Mandatory Access Control (MAC)

With access control lists, subjects are in control: they set access permissions to their objects This is called Discretionary Access Control, or DAC. A user can set access rights to give access to a file to any other subject. For instance a user may run the command

chmod o+rw secret.docx

and give read-write access for the file to everyone. Access control lists were designed to work this way. However, this model does not work in environments where management needs to enforce its policies and define access permissions. Also, when access rights are associated with objects, it becomes difficult to turn off access for a specific subject except by locking the the user (e.g., disabling their account). The alternative is to go though each object in the system, check if the user is in the ACL for that object, and remove the user from the ACL.

Mandatory Access Control (MAC) is a form of access control where policy is centrally enforced and users cannot override the policy. With MAC, administrators are in charge of access permissions.

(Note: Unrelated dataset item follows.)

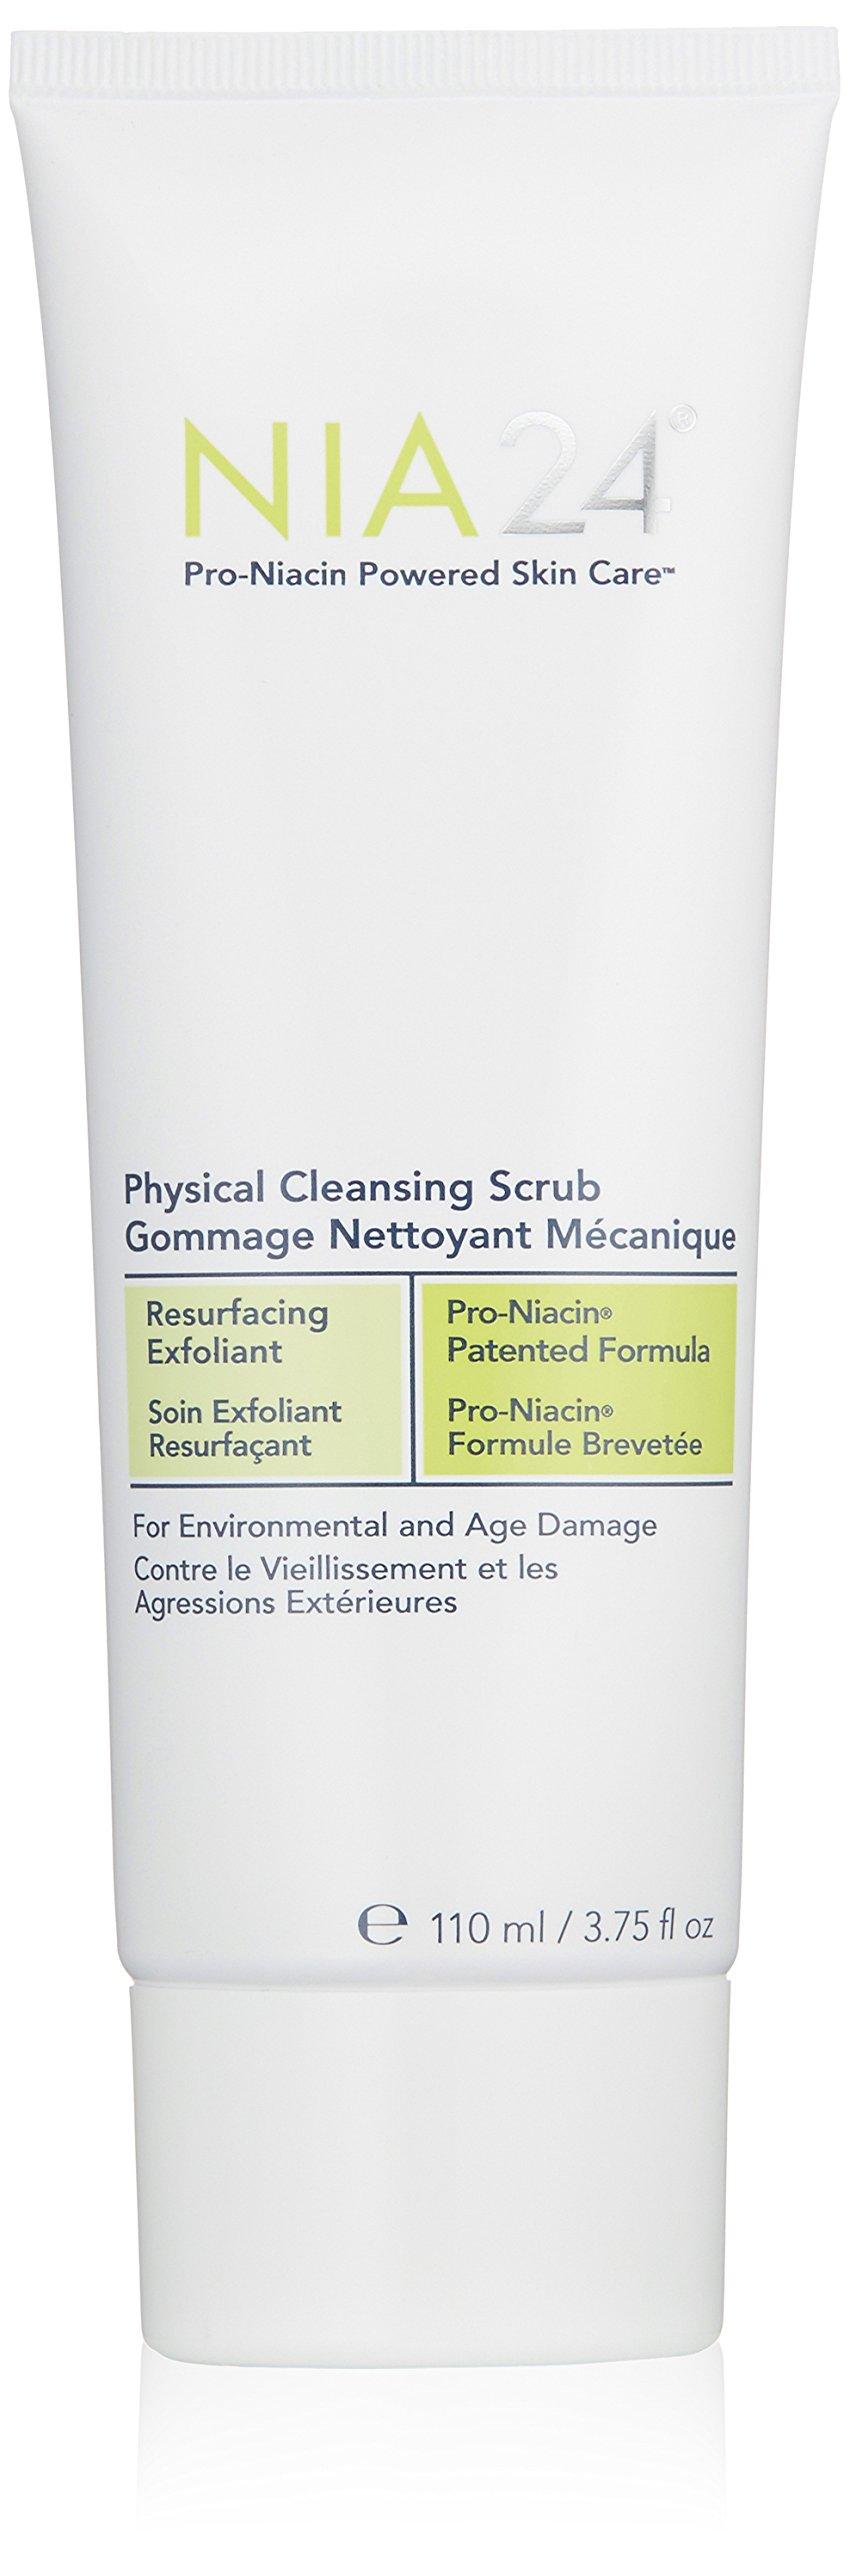 Nia24 Physical Cleansing Scrub, 3.75 Fluid Ounce

MLS: Multi-Level Security Systems

Figure 7. Bell-Lapadula MLS access model
Figure 7. Bell-Lapadula MLS access model

Multi-level security systems were designed to handle multiple levels of classified data in one system. The Bell-LaPadula model is the best known of these systems. It was originally designed for the U.S. Navy to enable users with different classification levels to use a single, shared computer system. The military uses four classification levels: unclassified, confidential, secret, and top secret. You do not have access to information above your clearance and you cannot create information below your clearance.

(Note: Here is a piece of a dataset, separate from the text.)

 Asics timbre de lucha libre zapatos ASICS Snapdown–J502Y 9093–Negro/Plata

With the Bell-LaPadula model, every object is assigned one of those four sensitivity levels. Every user is also associated with a clearance at one of those levels. If you have confidential clearance, you can read confidential and unclassified data but you cannot read anything of a higher clearance level: secret and top secret. You can create data at confidential, secret, and top-secret levels (yes, you can create files that you will not be allowed to read) but you cannot create unclassified data. The motivation for this model is confidentiality – the prevention of information leakage. If a piece of software is hacked or a user account is compromised, it will not be able to leak data from higher classification levels.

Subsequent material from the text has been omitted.